Beyond Re-Targeting: Targeting As Tailoring
Beyond the bells and whistles, a fundamental premise of Web 2.0 is that cultivating user engagement, interaction and community are the keys to building Web site loyalty. Yet, as Roy DeSouza, CEO of the Zedo Ad Serving network explains below, when it comes to serving ads, far too many Web 2.0 publishers fail to use what they know about their audience to deliver relevant, engaging advertising.
BI: For a majority of publishers today, behavioral targeting primarily means re-targeting visitors to certain kinds of Web page content. What lies beyond that?
DeSouza: As it’s conventionally practiced, behavioral targeting is in essence re-targeting, following a prospect from one content page to another to re-serve an ad. Experiments with that, by and large, have been very encouraging--but the amount of knowledge you actually have about the consumer you’re re-targeting is very sparse, really. There’s still a huge gap between the information publishers actually have about their visitors and the information actually used in behaviorally targeted ads. Publishers know more and more about who is onsite and what they’re interested in--yet that data so far hasn’t translated into improvements in relevancy and focus.
BI: Zedo’s new Profiling and Behavioral Targeting for Publishers seems especially geared to Web 2.0 sites. How does it address these sites’ needs and resources?
DeSouza: One of the really basic and critical things about so-called Web 2.0 is that Web 2.0 sites have a far wider and richer set of data at their disposal via their user profiles, which not only give you core demographic information but information of a psychographic nature, such as main interests and hobbies. Currently much or most of that information is just wasted.
Web 2.0 publishers are in fact leaving lots of money on the table by so poorly utilizing the data they have. So we’ve built a platform that allows publishers to construct far more detailed models of their customers based on profile information. We overlay data including age, gender, zip code, education and interests atop page content.

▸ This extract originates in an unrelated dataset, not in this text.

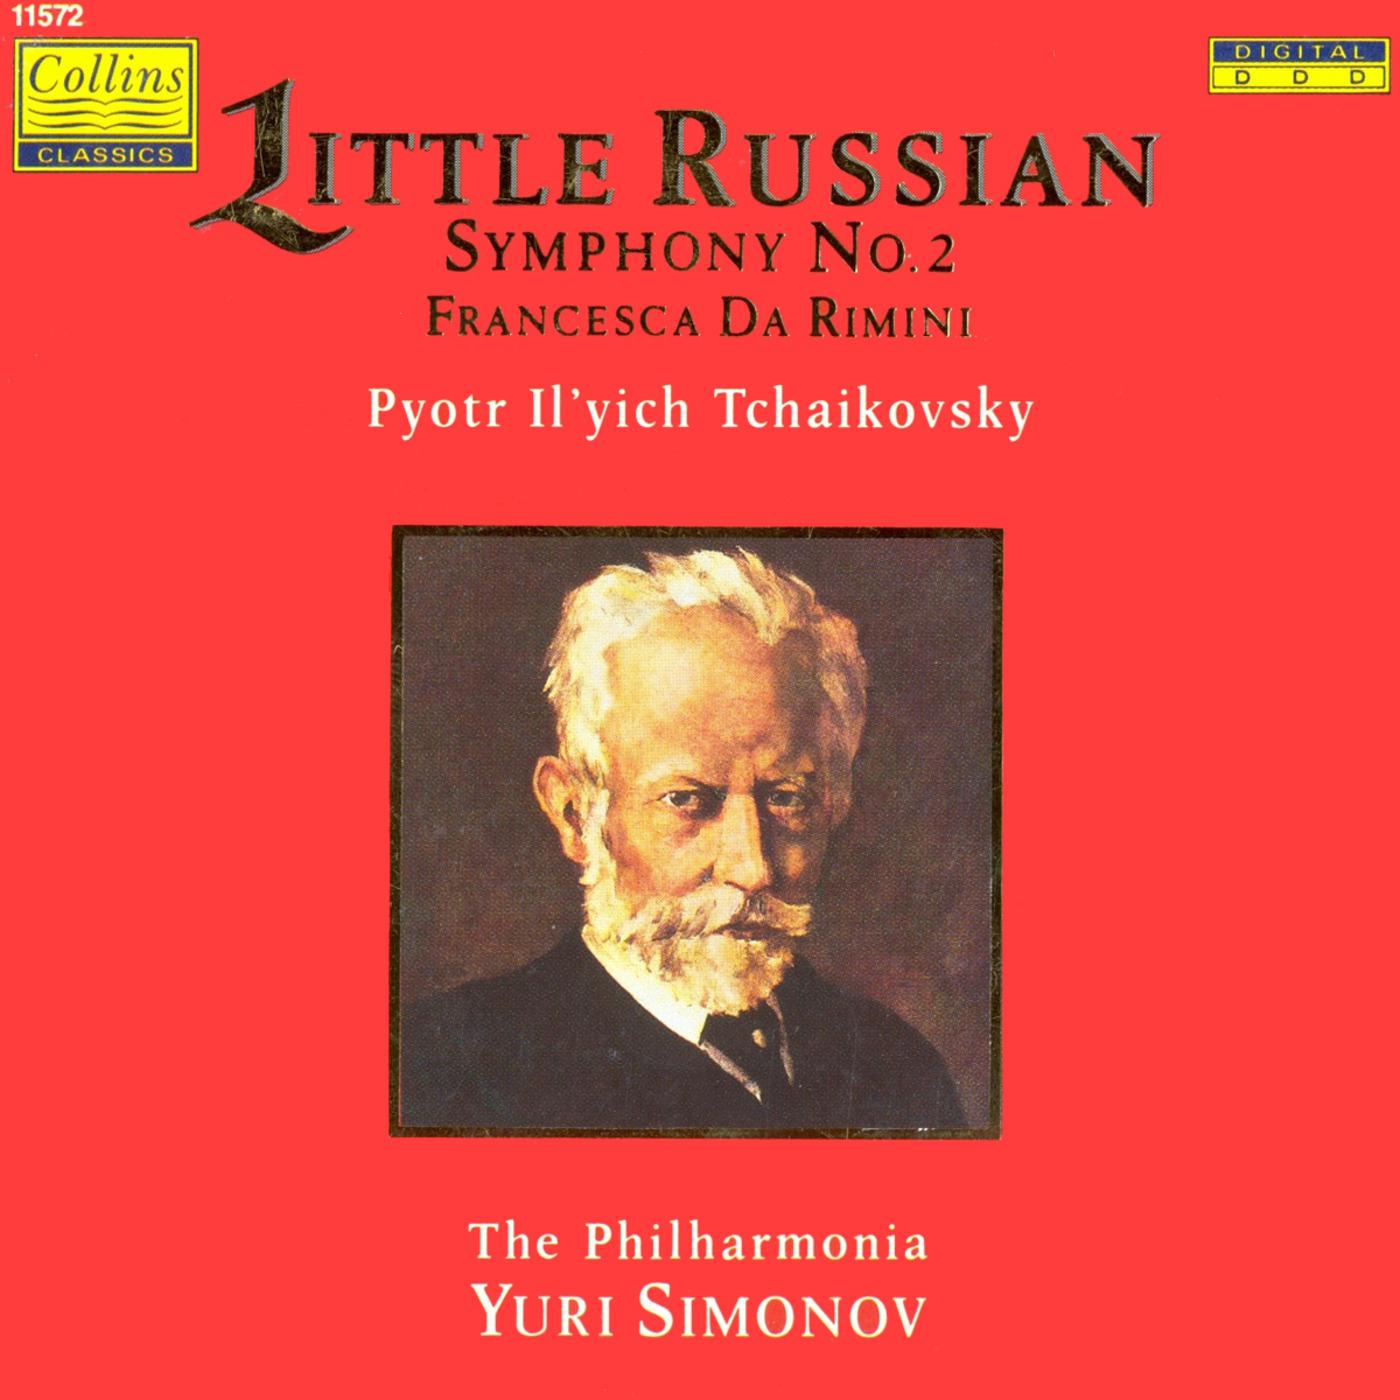 Symphony No. 2 in C Minor, Op. 17, "Little Russian": I. Andante sostenuto - Allegro vivo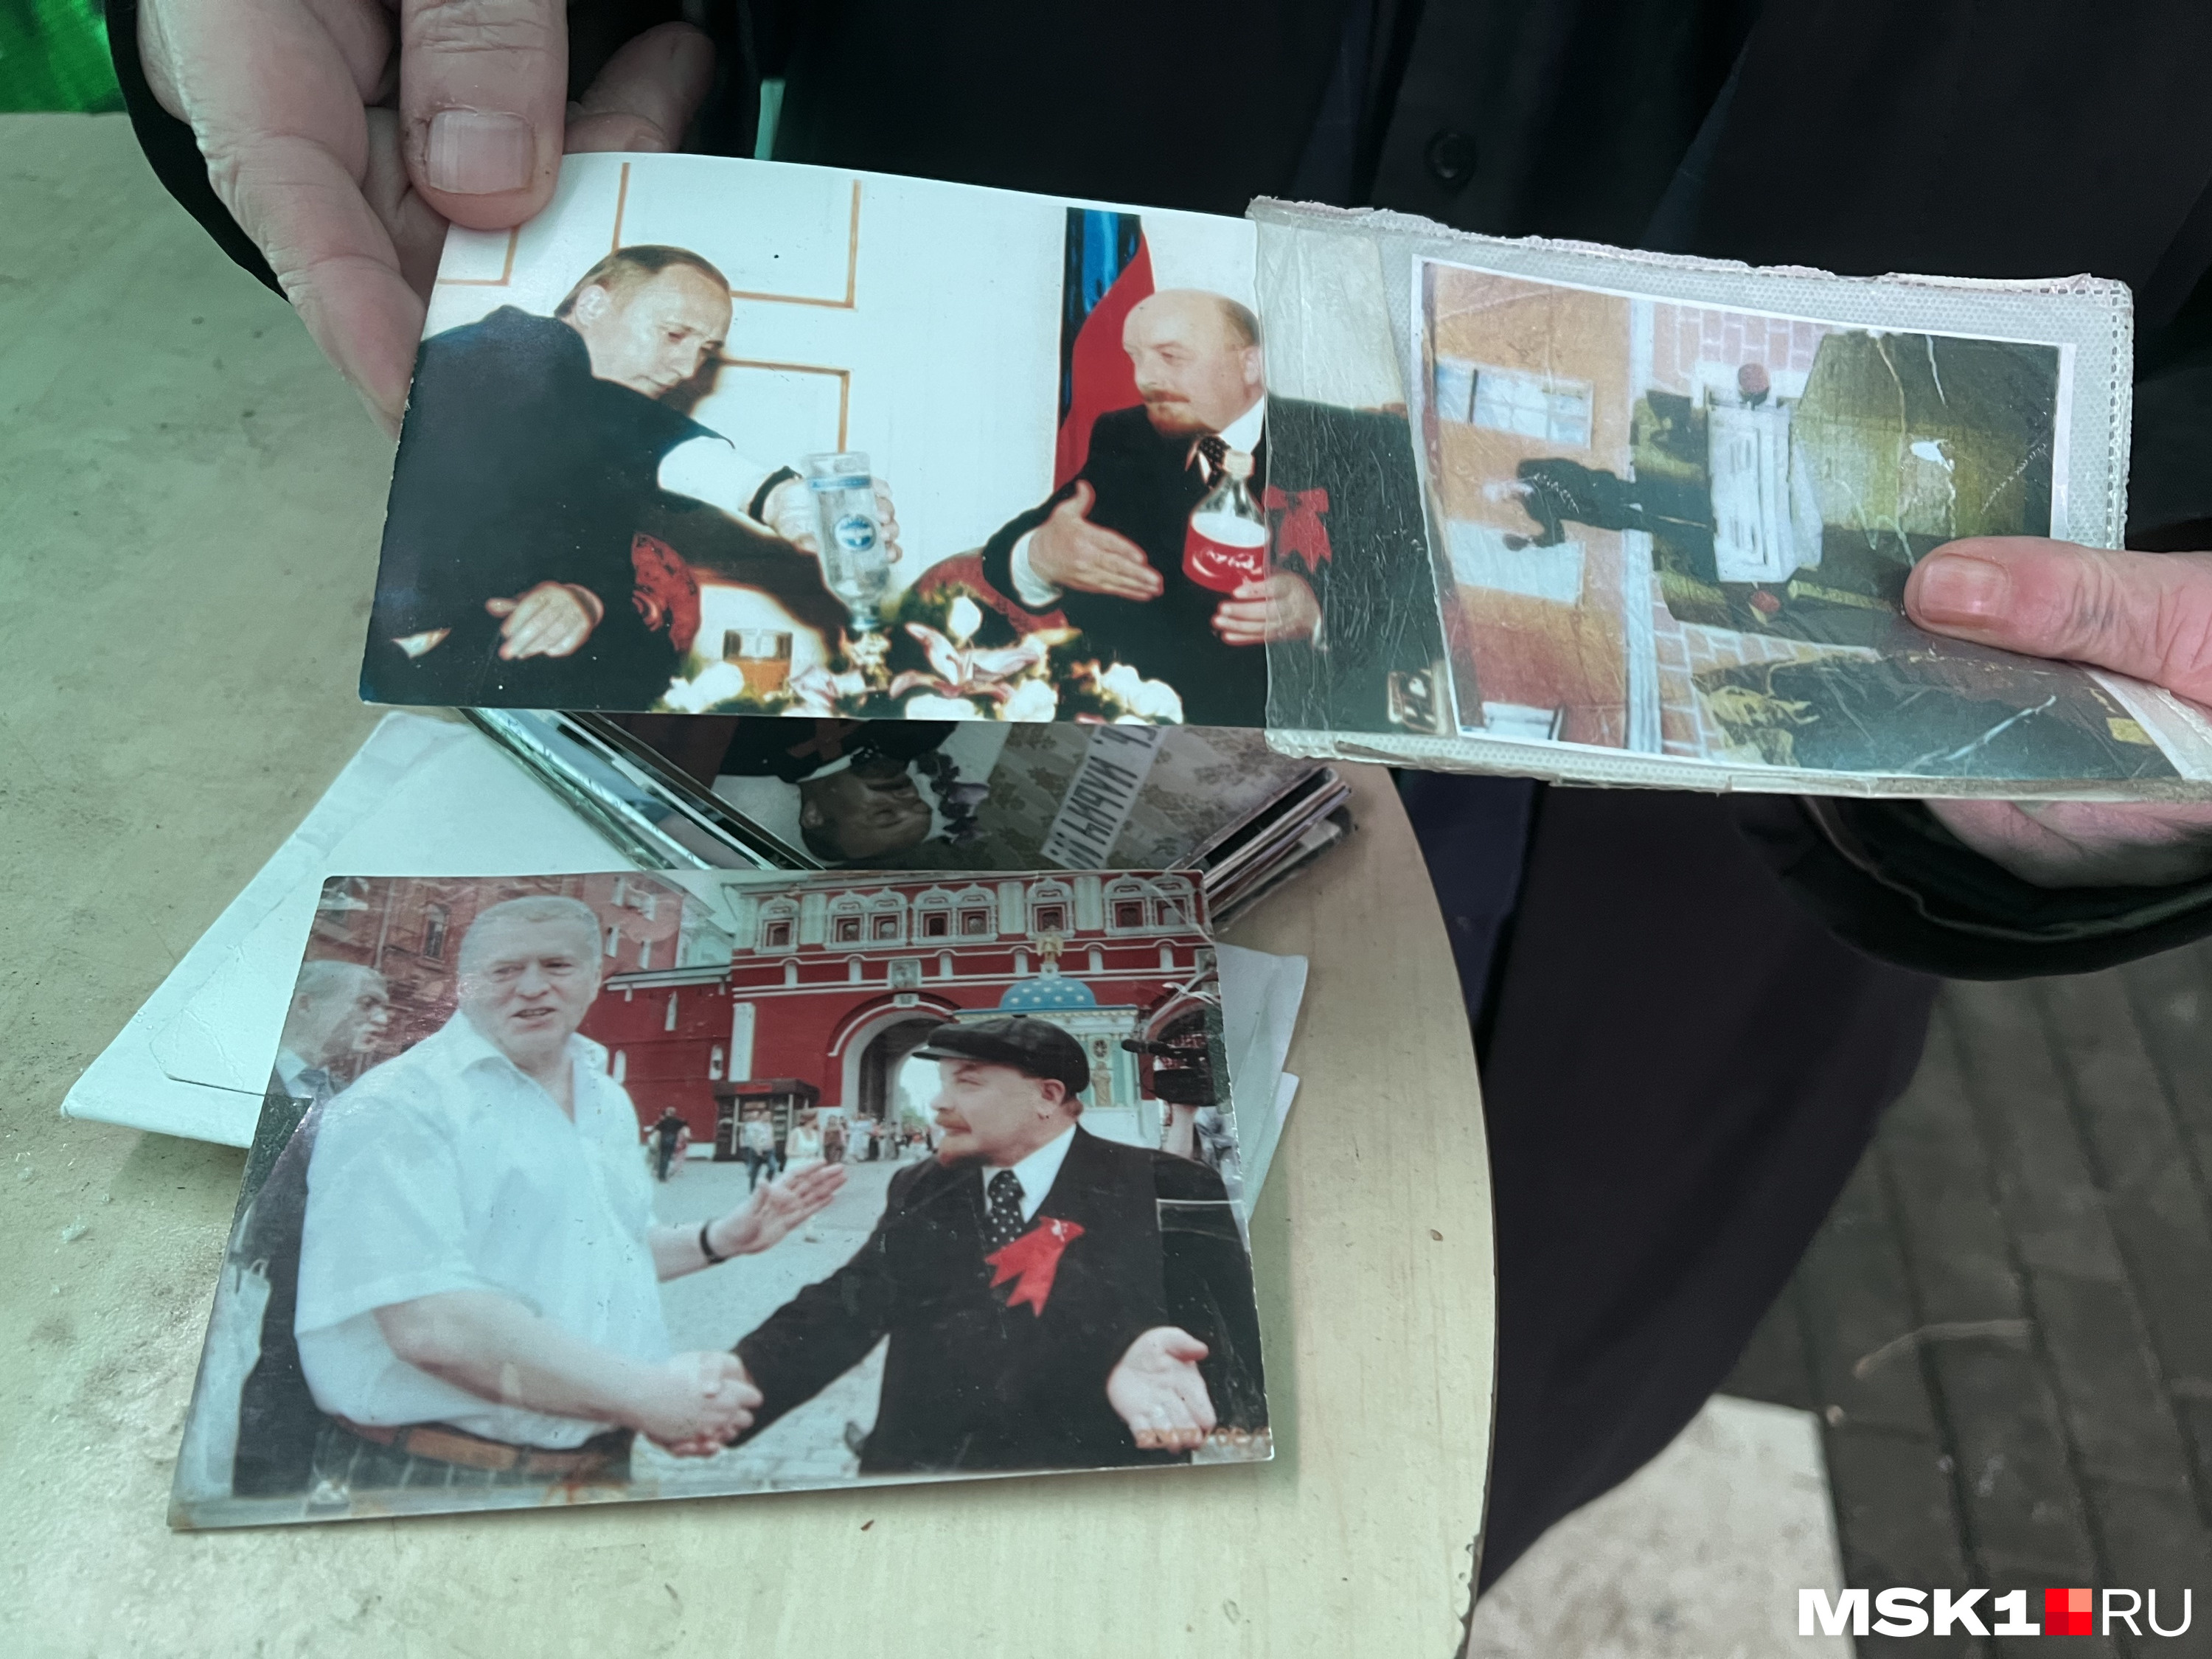 «С Жириновским фото настоящее, а вот с Путиным — монтаж», — объясняет Александр Карлышев

BI: Could you give an example of how that will work?
DeSouza: Well, there’s targeting and then there’s tailoring. Behavioral targeting as it’s mostly used now will locate two customers--customer A and customer B--and identify both as spending a lot of time on auto sites, say. So it will serve each of them auto ads as they move around. Which of course is a lot smarter than just serving them run-of-site ads. But it doesn’t give you much insight into whether you should target them with an SUV, a luxury sedan or sports car. But if you know customer A is a 24-year-old male snowboarder who makes $40 thousand a year and customer B is a 38-year-old female physician who makes $125 thousand a year, you have a lot more visibility into exactly which car ads you’ll want to serve.
BI: So increased ROI for advertisers leads to increased monetization for publishers?
DeSouza: From a publisher point of view, this is a way to tackle the biggest challenge of Web advertising going forward, which is the proliferation of new, under-utilized, ‘sub-premium’ inventory. As they become more Web-savvy, consumers clearly are spending more of their time away from the most popular home pages, but the obvious problem of untargeted long-tail pages is that there is never enough of a critical mass of users on any one page to justify high CPMs. So we have the ironic situation evolving where there’s increasing advertiser demand for quality inventory and oversupply of untargeted inventory. Publishers risk depressed CPMs if they don’t adapt, and adapting means better utilizing information.
BI: What goals do you have for your BT practice going forward into 2007?
DeSouza: So far behavioral targeting has focused on one side of the marketing equation, which is to more efficiently predict which consumers will be more likely prospects based on where they’ve clicked or searched or browsed before. We think there’s another dimension. Publishers can use the profile data they have to better forecast which pages of inventory they have that are particularly ripe for better utilization. Just as they can better segment their users, they can better segment their inventory as well.